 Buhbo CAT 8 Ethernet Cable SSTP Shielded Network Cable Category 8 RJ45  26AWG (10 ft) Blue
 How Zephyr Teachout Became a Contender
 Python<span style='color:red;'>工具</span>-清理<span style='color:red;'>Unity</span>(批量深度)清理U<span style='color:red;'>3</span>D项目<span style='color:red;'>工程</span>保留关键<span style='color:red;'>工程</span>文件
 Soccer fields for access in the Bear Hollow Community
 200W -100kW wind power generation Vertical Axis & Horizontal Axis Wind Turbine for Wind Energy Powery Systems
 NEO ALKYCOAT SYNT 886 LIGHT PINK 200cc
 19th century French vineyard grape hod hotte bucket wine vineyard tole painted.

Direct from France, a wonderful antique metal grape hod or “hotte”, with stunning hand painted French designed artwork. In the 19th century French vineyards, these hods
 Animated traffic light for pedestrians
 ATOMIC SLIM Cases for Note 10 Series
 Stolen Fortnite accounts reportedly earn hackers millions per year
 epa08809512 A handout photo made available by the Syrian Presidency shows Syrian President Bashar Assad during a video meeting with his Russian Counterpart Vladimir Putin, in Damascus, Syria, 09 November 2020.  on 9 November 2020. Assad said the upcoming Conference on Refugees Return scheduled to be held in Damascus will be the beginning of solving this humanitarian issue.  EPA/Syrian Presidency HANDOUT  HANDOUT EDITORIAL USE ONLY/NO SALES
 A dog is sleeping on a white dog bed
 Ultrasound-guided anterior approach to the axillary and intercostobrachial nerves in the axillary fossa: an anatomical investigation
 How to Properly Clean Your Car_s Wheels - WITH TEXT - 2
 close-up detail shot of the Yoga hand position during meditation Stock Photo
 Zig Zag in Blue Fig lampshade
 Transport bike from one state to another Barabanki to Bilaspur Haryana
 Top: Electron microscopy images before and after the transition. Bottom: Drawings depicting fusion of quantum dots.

◇ ◇ ◇ ◇

Only the lines from the one containing "Zig Zag in Blue Fig lampshade" to the end of the listing belong in the output, each reproduced exactly.

 Zig Zag in Blue Fig lampshade
 Transport bike from one state to another Barabanki to Bilaspur Haryana
 Top: Electron microscopy images before and after the transition. Bottom: Drawings depicting fusion of quantum dots.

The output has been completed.